Of course, relying on evidence has never been Big White's strong suit.
Adding a couple of servings of milk or yogurt to their daily diet probably won't help people lose weight, a new meta-analysis suggests.Big White bites the dust, as it should.
Some research has suggested dairy products may help people feel full for longer, or that the calcium in milk and yogurt can prevent the build-up of fat tissue. But those remain unproven theories.
"The results are not very consistent," said Dr. Frank Hu from the Harvard School of Public Health in Boston, who worked on the new review.
"Overall, I think the evidence doesn't support the claim that dairy products are beneficial for weight loss," he said.
Dr. Hu and his colleagues analyzed the results of 29 studies involving a total of 2,101 participants, some of whom were randomly assigned to add extra dairy to their diets.
The set-ups of those studies varied widely, with dairy intakes ranging from one to more than six servings per day and diet interventions lasting between one month and two years. Some studies put participants on a reduced-calorie diet to promote weight loss, while others did not.

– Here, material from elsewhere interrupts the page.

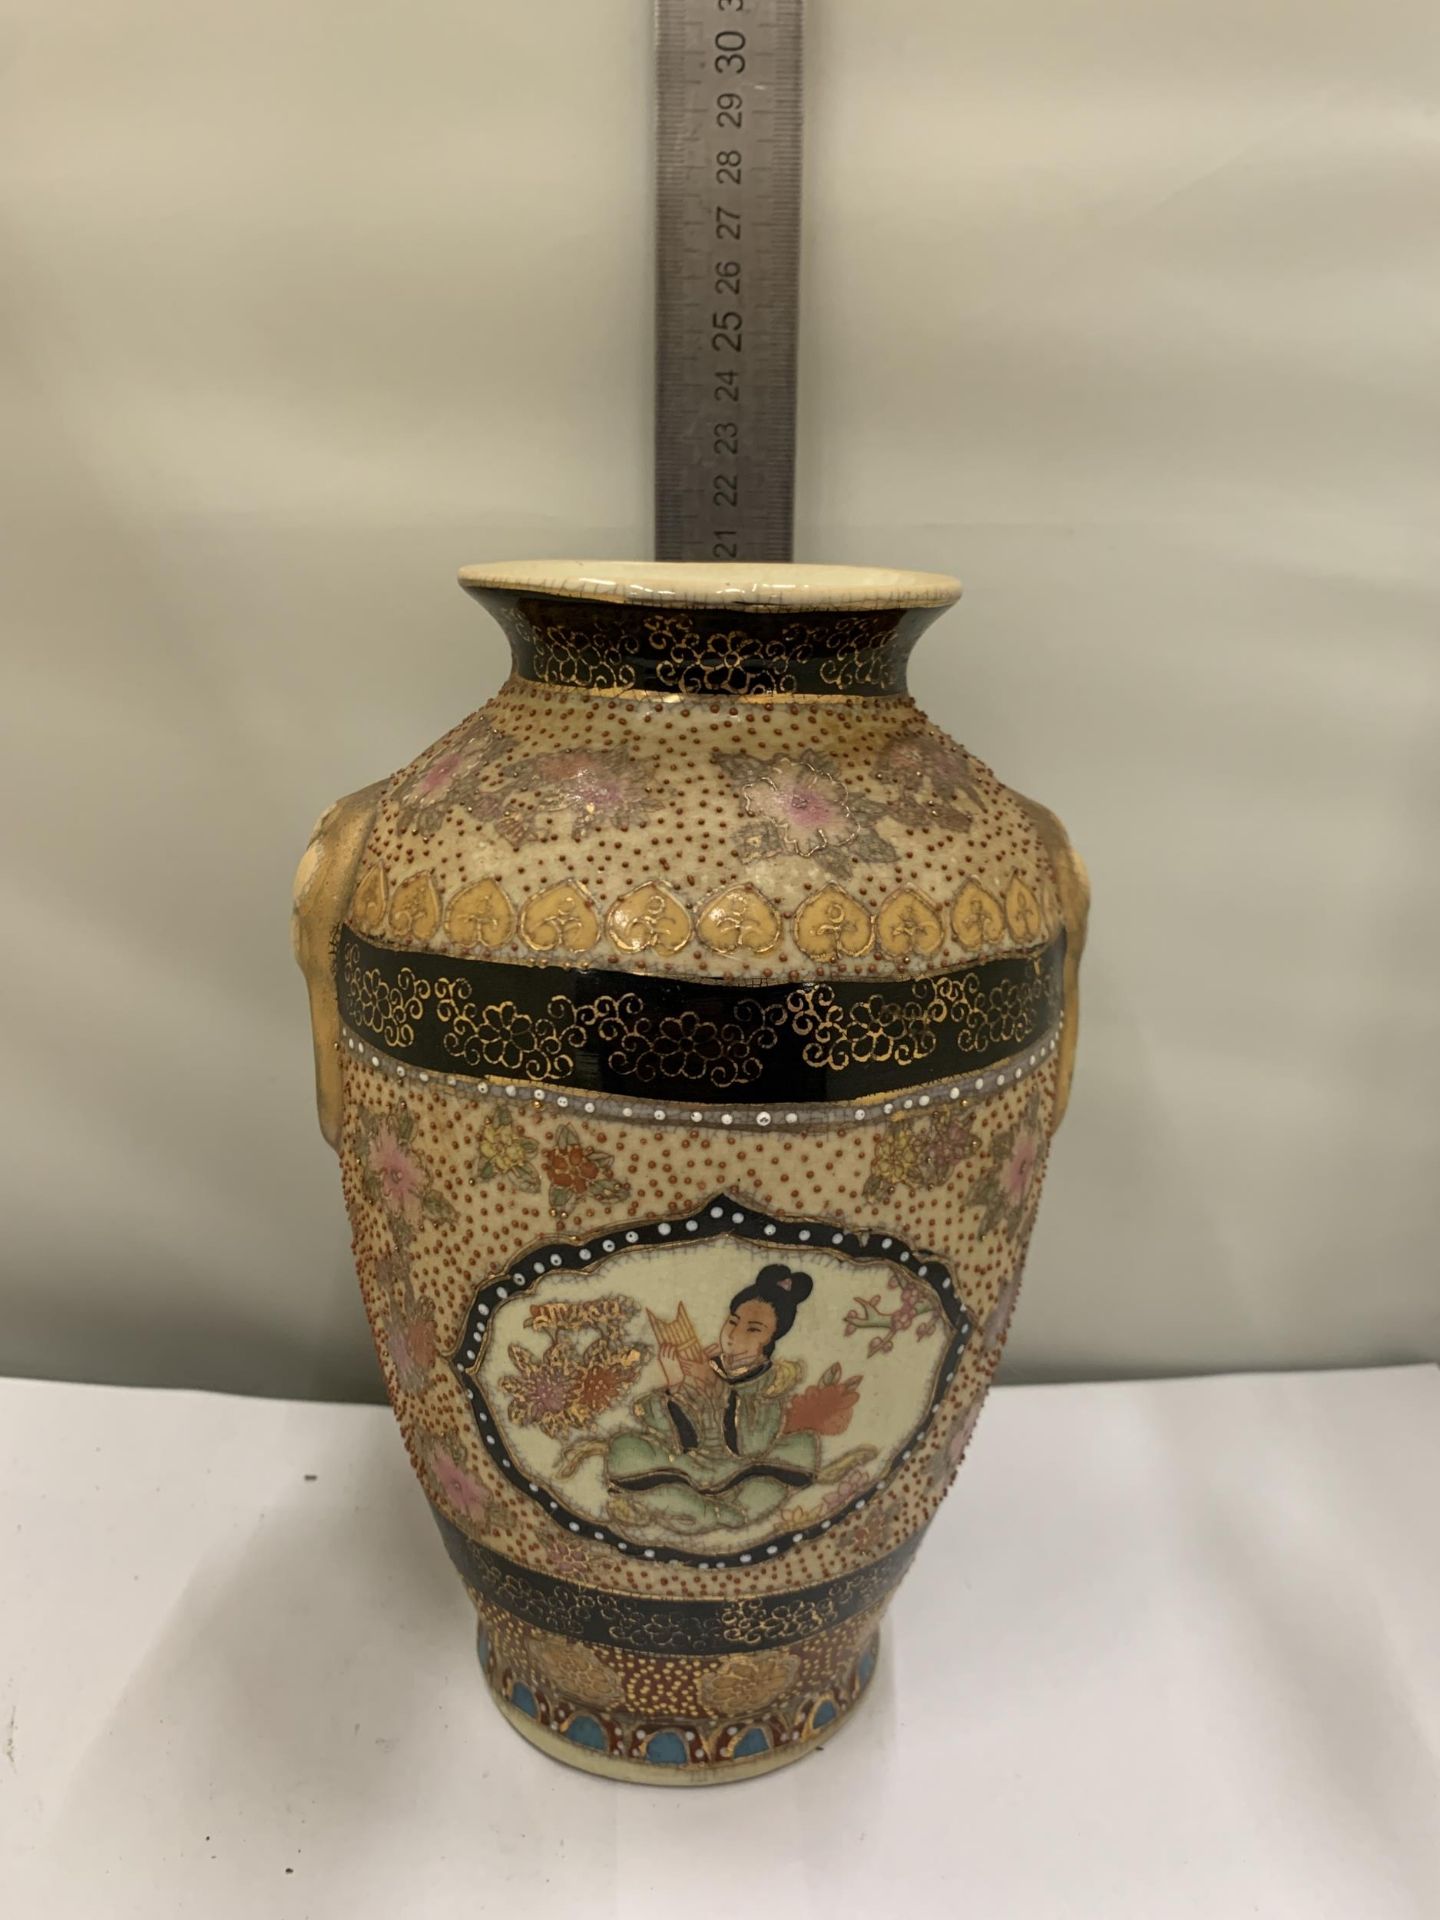 AN ANTIQUE TURKISH OTTOMAN CANAKKALE POTTERY EWER C. 1880 - Image 5 of 5

On average, people assigned to the extra-dairy groups lost 0.3 more pounds - about 0.14 kilograms - than the comparison group, a difference that wasn't statistically significant. They did lose slightly more body fat - about one extra pound worth.
When the researchers broke down the results further, they found dairy products seemed to confer some benefit over the short term when they were part of a weight-loss diet. But otherwise, adding more milk, yogurt and cheese didn't help people lose weight or keep it off, Dr. Hu and his colleagues reported online August 29th in the American Journal of Clinical Nutrition.